Insurance Agent
Insurance agents sell life, disability, long term care, property and casualty, and other types of insurance products. They customize related plans and programs to cover a variety of risks that best suit clients’ needs. They weigh the advantages and disadvantages of these policies and promote the associated sales—oftentimes compensated via commissions based on those policies’ premiums.
Accountant
Accountants primarily examine and prepare financial records, ensuring the accuracy and timely preparation and submission of tax returns to the Internal Revenue Service (IRS). They review the financial operations of businesses and fiscal matters of individuals, and assist in creating plans to improve efficiencies. Many accountants earn Certified Public Accountant (CPA) licenses from their respective state board of accountancy—a distinction denoting extensive education, experience and competency within the profession.
Estate Attorney
Estate Attorneys, as their titles indicate, specialize in estate planning issues, such as, for instance, estate taxes and the effective distribution of assets to heirs. They provide advice to clients on strategies about how to best prepare for the possibilities of mental illness or incapacitation, and eventually, death. Advice on Wills, trusts, estate tax minimization, business succession, and strategies to ensure clients’ assets and savings are secure following their deaths are typical elements of such services. Estate attorneys can provide further legal advice regarding these areas, and also prepare related legal documents.
Stockbroker
Stockbrokers, as aforementioned, may sometimes refer to themselves as “financial planners” or “investment advisors,” but in fact are more accurately described as salespeople employed by brokerage firms (“broker-dealers”), who sell stocks, mutual funds, and other securities on a commission basis. Thus, the more products sold or transactions made, the more they benefit—and while professionals in this area are heavily regulated and are most often quite scrupulous, there is an inherent conflict of interests and an incentive structure here that could result in sales that may not necessarily be aligned with clients’ financial objectives.
Investment Advisor
Investment advisors are typically focused on the management of client investment portfolios and planning issues directly related to the securities and accounts being managed for the client. Such advisors typically collect a fee for ongoing management of the securities portfolio based on an annual percentage of assets under management. Their firms are regulated by either the states or the SEC (depending on whether they are federal or state registered) as Registered Investment Advisers (RIAs). While such investing arrangements tend to provide a much better alignment of the goals of the investor with the incentives of the advisor than a traditional stock broker’s compensation, if the associated fees are too high, they may provide a significant drag on returns in the long term (if not kept in check). In addition, compensation solely by this means is likely to lead to an over-focus on investing and a neglect of other financial planning issues.
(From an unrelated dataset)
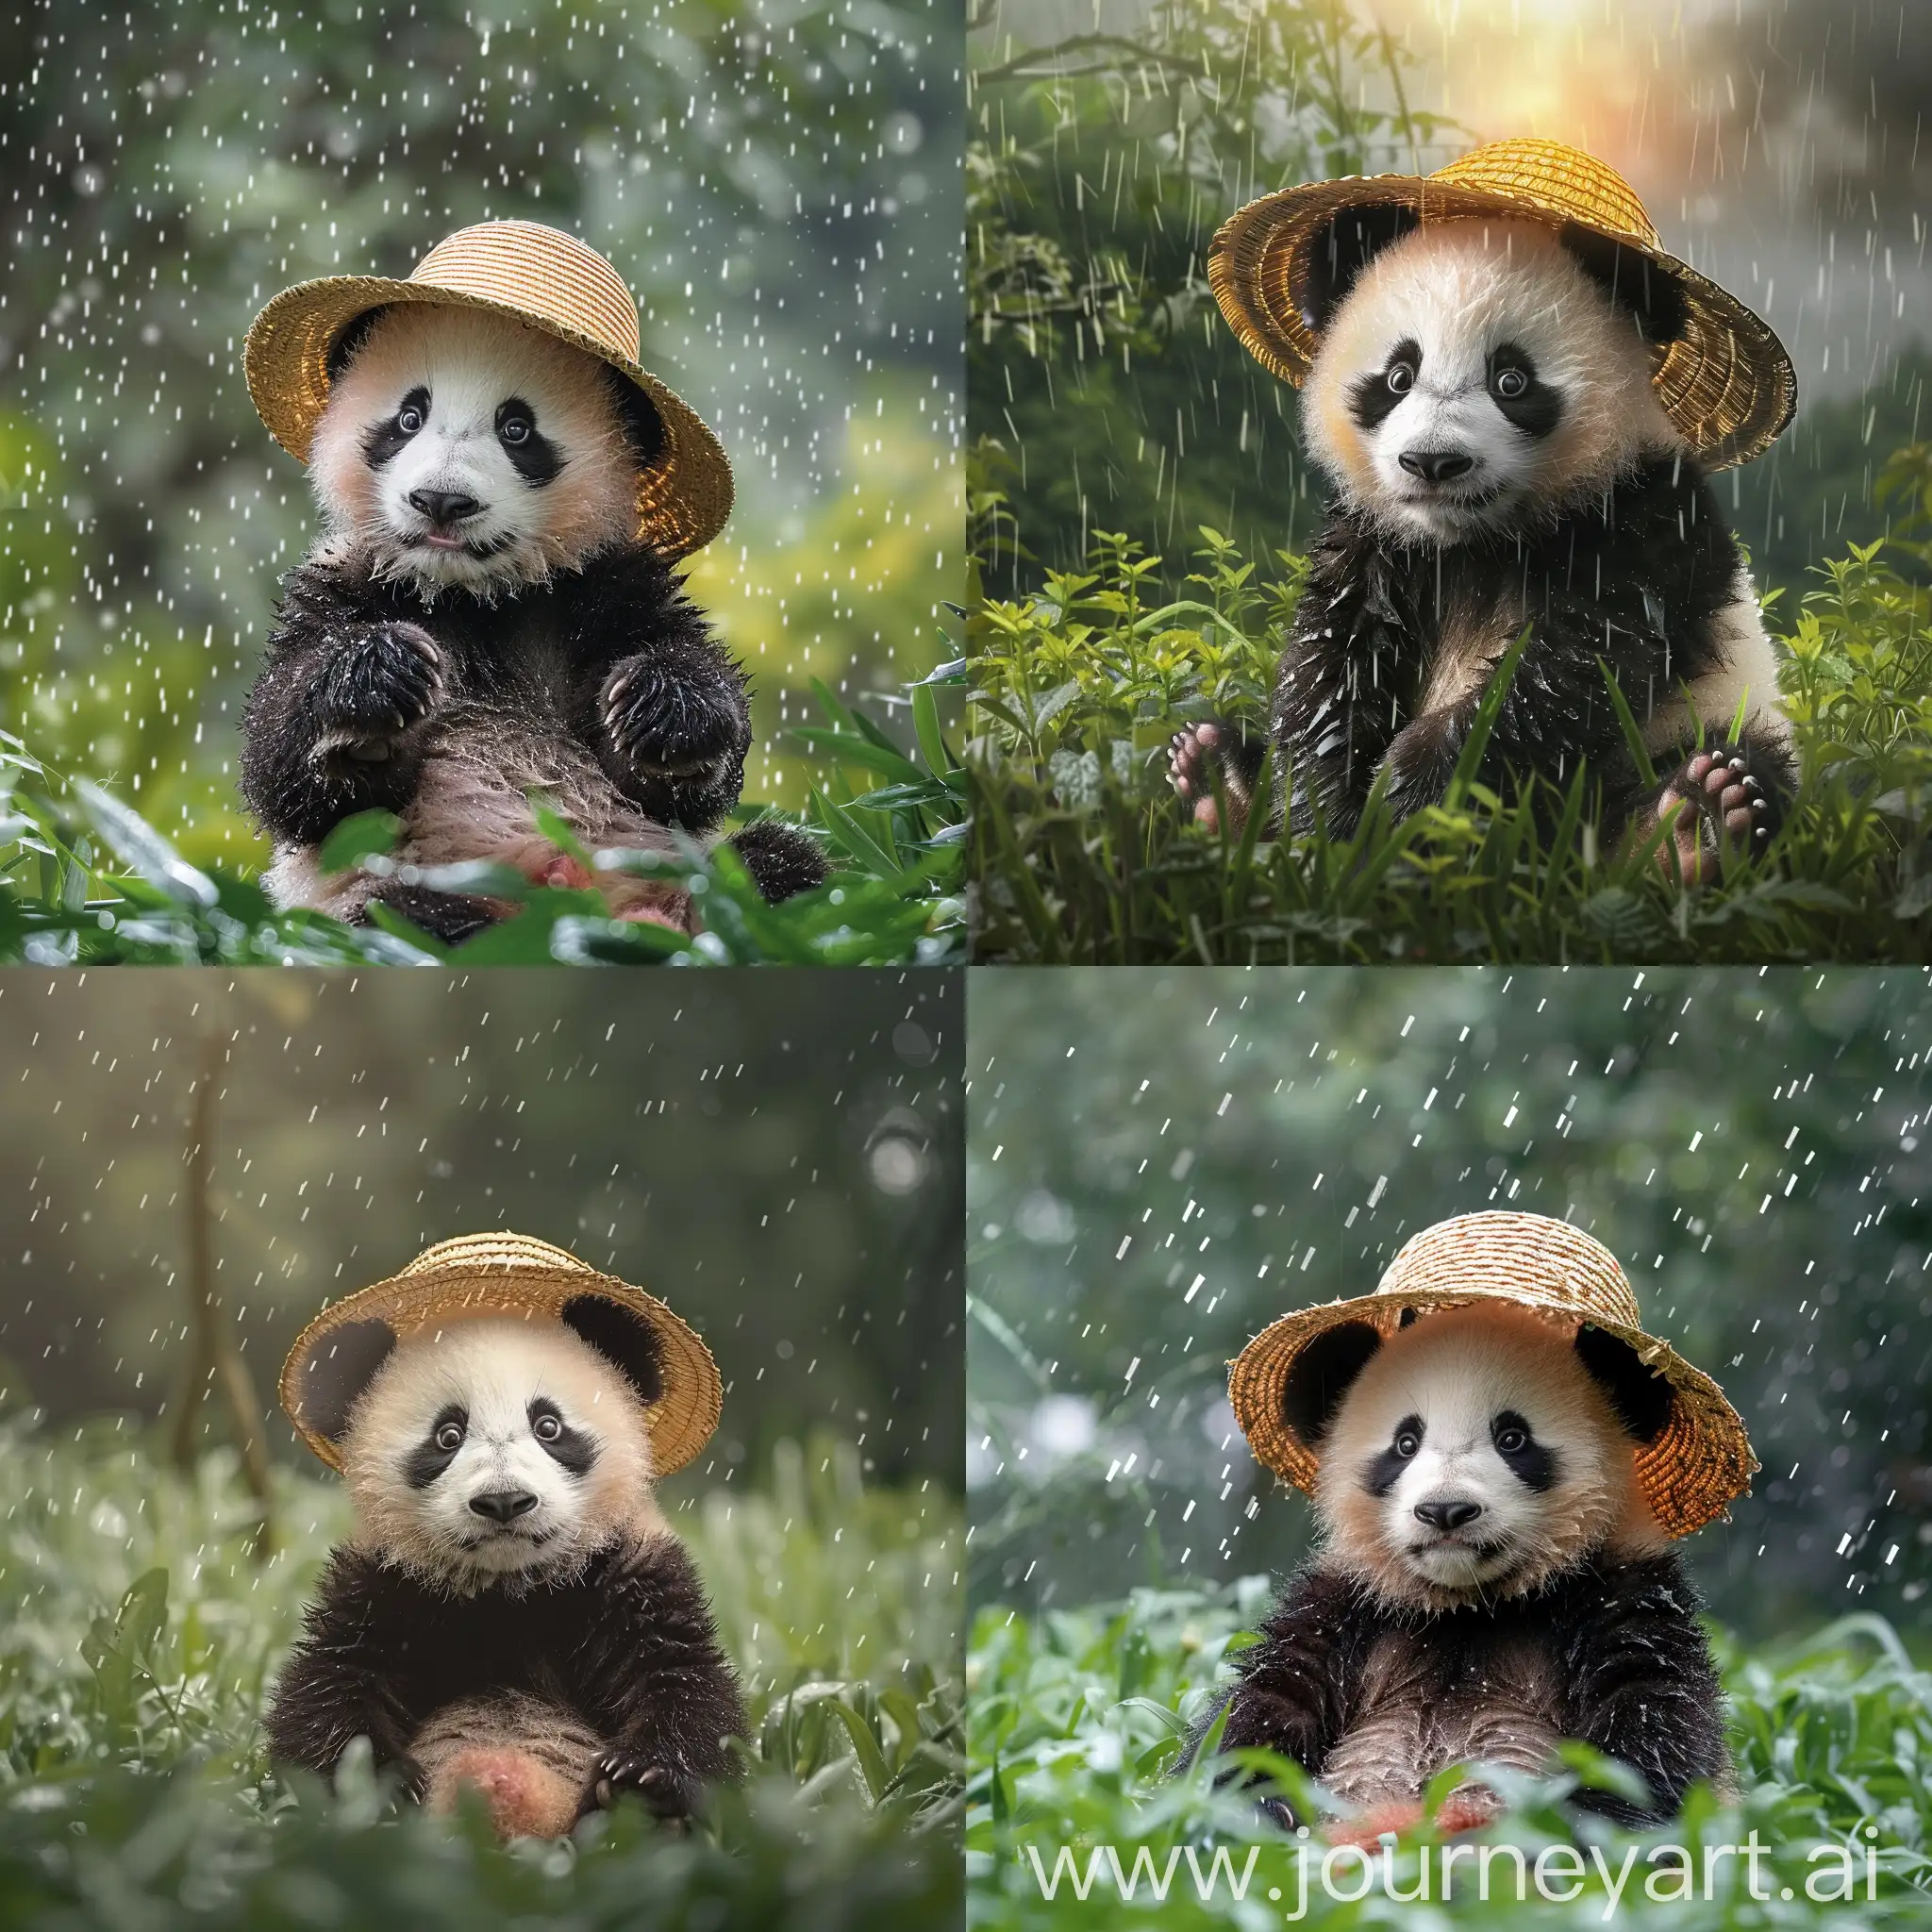 Adorable-Baby-Panda-with-Straw-Hat-Enjoying-a-Refreshing-Rain-in-Lush-Green-Field

Financial Planner or Wealth Manager
Financial Planners and Wealth Managers who are compensated based on either a fixed fee, retainer fee, or hourly rate fee have perhaps the most optimal incentive structure to provide the broad, comprehensive, concept-based solutions needed for fully coordinated multi-disciplinary financial planning and wealth management. Such professionals are free to think from the multiple perspectives of Investment Planning, Estate Planning, Business Succession Planning, and Fringe Benefits Planning, and may focus their energies on crafting and developing purely concept-based (as opposed to product-based) strategies to help clients achieve their short- and long-term goals. Like investment advisors, their firms are also regulated as Registered Investment Advisers (RIAs), and as such they are both required to act as fiduciaries with clients’ best interests in mind, and may be monetarily incentivized to do so (depending on their exact fee structure).